Санкт-Петербург, 3 января 1850 года
«Ни один месяц в году не богат так удовольствиями, как шумный, веселый Январь. Неистощимый весельчак — он успевает побывать на всех городских прогулках и загородных пикниках; ненасытный гастроном — он беспрестанно дает завтраки, обеды, ужины, изобретает лакомства и пенит шампанское; неутомимый танцор — он всякий день шаркает в кадрили и носится в польке; любопытный шалун — он каждую ночь толкается в маскарадах, шутит с интригующими его масками и рассыпает из-под домино остроты и любезности…»
Январь в семействе Триярских ознаменовался темной слезливой суетой.
Начало ей было положено еще в канун Рождества: антихрист Маринелли ворвался в мирное жилище, обманул слуг, поднялся в залу и захватил Левушку. При этом слуги хлопали ушами, Папенька глядел двенадцатый сон, а Варенька была в беспамятстве. Потом, правда, оказалось, что как раз когда Маринелли уносил Левушку, она поднялась сомнамбулою, но, не сделав и двух шагов, упала. Маринелли сбежал с Левушкою вниз, юркнул в экипаж и унесся в снежном мраке.
Рождество прошло в трауре. Слуги рвали на себе волосы и падали в ноги. Папенька, до этого не всегда замечавший присутствие Левушки, сделался бледен и переворачивал дом в поисках пистолетов. Дети тенями жались по углам. Очнулась наверху Варенька и слабо спросила, что такое стряслось. Обморок.
Среди этих мельканий лишь одна фигура располагалась недвижно, за столом, и осмысленными глотками допивала чай с лимоном. Почти ничего не говоря, одними взглядами из-за чашечки, Маменька упорядочивала хаос. Дети были успокоены и посланы спать. Прислуга — вразумлена двумя-тремя либеральными тумаками и тоже отослана прочь. Папенька, который, наконец, отыскал свои пистолеты, был подозван поближе для беседы, по завершении которой швырнул на пол футляр с пистолетами и вышел. Маменька подобрала футляр, неодобрительно осмотрела огнестрельные орудия и отнесла в другую комнату перепрятывать. Хотя из пистолетов не было произведено ни одного выстрела, само их присутствие в доме всегда беспокоило Маменьку.
Наконец она поднялась к Вареньке. И вовремя — Варенька уже стояла одетой; собралась прыгать в ночь и нестись неизвестно куда. Увидев такое несвоевременное воскрешение дочери, Маменька замотала головой. Растратив всю свою риторику внизу в зале, она произносила одни только императивы; Варенька тяжело, с хрипом, дышала. Кончилось тем, что мать и дочь рухнули друг на друга и разрыдались на два голоса. Они неистово обнимались, вытирали друг другу слезы, убеждали и гладили по спине. Варенька капитулировала, дала себя освободить от одежд и уложить снова в постель. «Косточки, одни косточки на тебе остались», — шептала Маменька, подталкивая Вареньку под одеяло. Варенька всхлипывала и поджимала под себя тонкие ледяные ноги. «Обещаешь?» — повторила Маменька. Из-под одеяла утвердительно всхлипнули.

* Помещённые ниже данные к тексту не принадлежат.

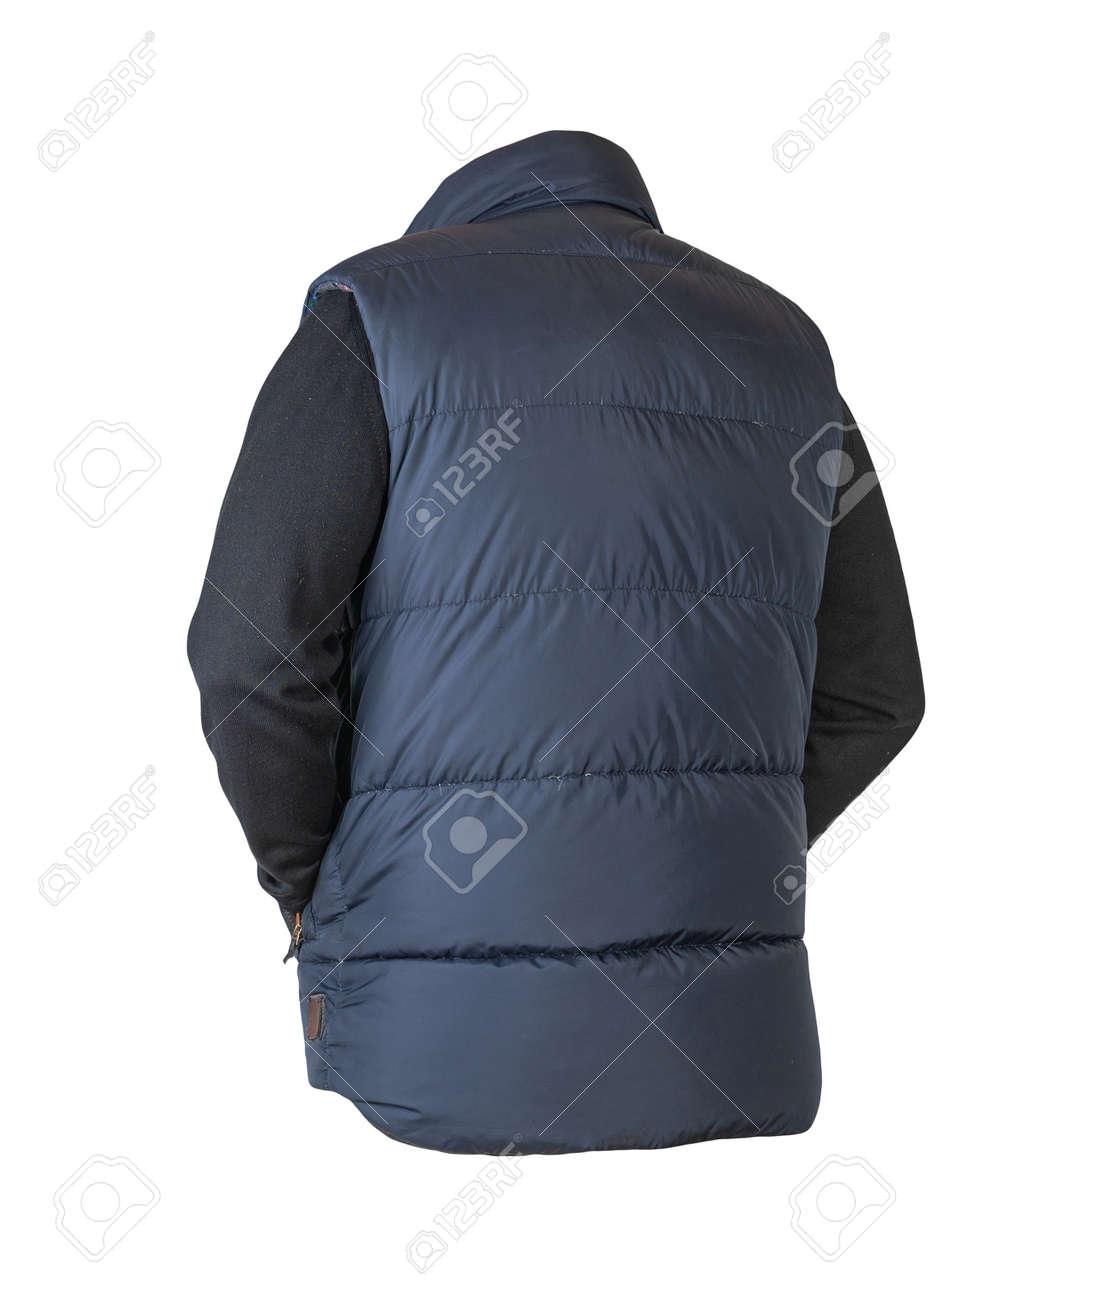 dark blue sleeveless jacket and black sweater isolated on white background. casual wear - 172073704

Успокоившись, Маменька добралась до столовой. Под потолком колыхались гирлянды, горько пахла елка. Маменька опустилась в кресло и стала смотреть на нее. Поднялась, вышла; вернулась со свертками. Принялась подкладывать под елку подарки, не исключая и деревянной лошадки — для Левушки…

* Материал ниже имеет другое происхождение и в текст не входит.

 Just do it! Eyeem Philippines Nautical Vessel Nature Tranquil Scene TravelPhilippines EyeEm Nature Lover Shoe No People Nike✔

Утром снова явилась Анна Вильгельмовна, неся на крыльях новости из крепости. Петрашевцев отправляли; родню не пускали, но ближе к обеду в сердцах крепостного начальства наметилась оттепель.
Поблагодарив со слезой Анну Вильгельмовну, Триярские стали решать, кто поедет проститься. После дебатов снарядили родителей, сына Федюшу, который был следующим после Николеньки отпрыском мужского пола и пылким сердцем, и упрямую Вареньку. В крепости семейство сначала обдали холодом, но Анна Вильгельмовна отправилась с Варенькой прямо к коменданту; дуэтом они растопили старика. Триярских проводили в нижний этаж комендантского дома, потомили для порядка, а затем втолкнули Николеньку — уже в дорожном полушубке. Следом вошел часовой, зевнул и стал наблюдать.
Семейство нахлынуло на Николеньку и чуть не сшибло с некрепких ног. Папенька, забыв свой агностицизм, крупно крестил Николеньку и шевелил кадыком, давя сухие слезы. Братец Федюша мял Николенькину руку: «Брат, ты это… Ты, этого…» Маменька гладила Николенькин полушубок и глядела на впалую щеку сына, желая поцеловать и отчего-то боясь, что получится неловко. Одна только Варенька стояла чуть в стороне, с какой-то тяжелой мыслью.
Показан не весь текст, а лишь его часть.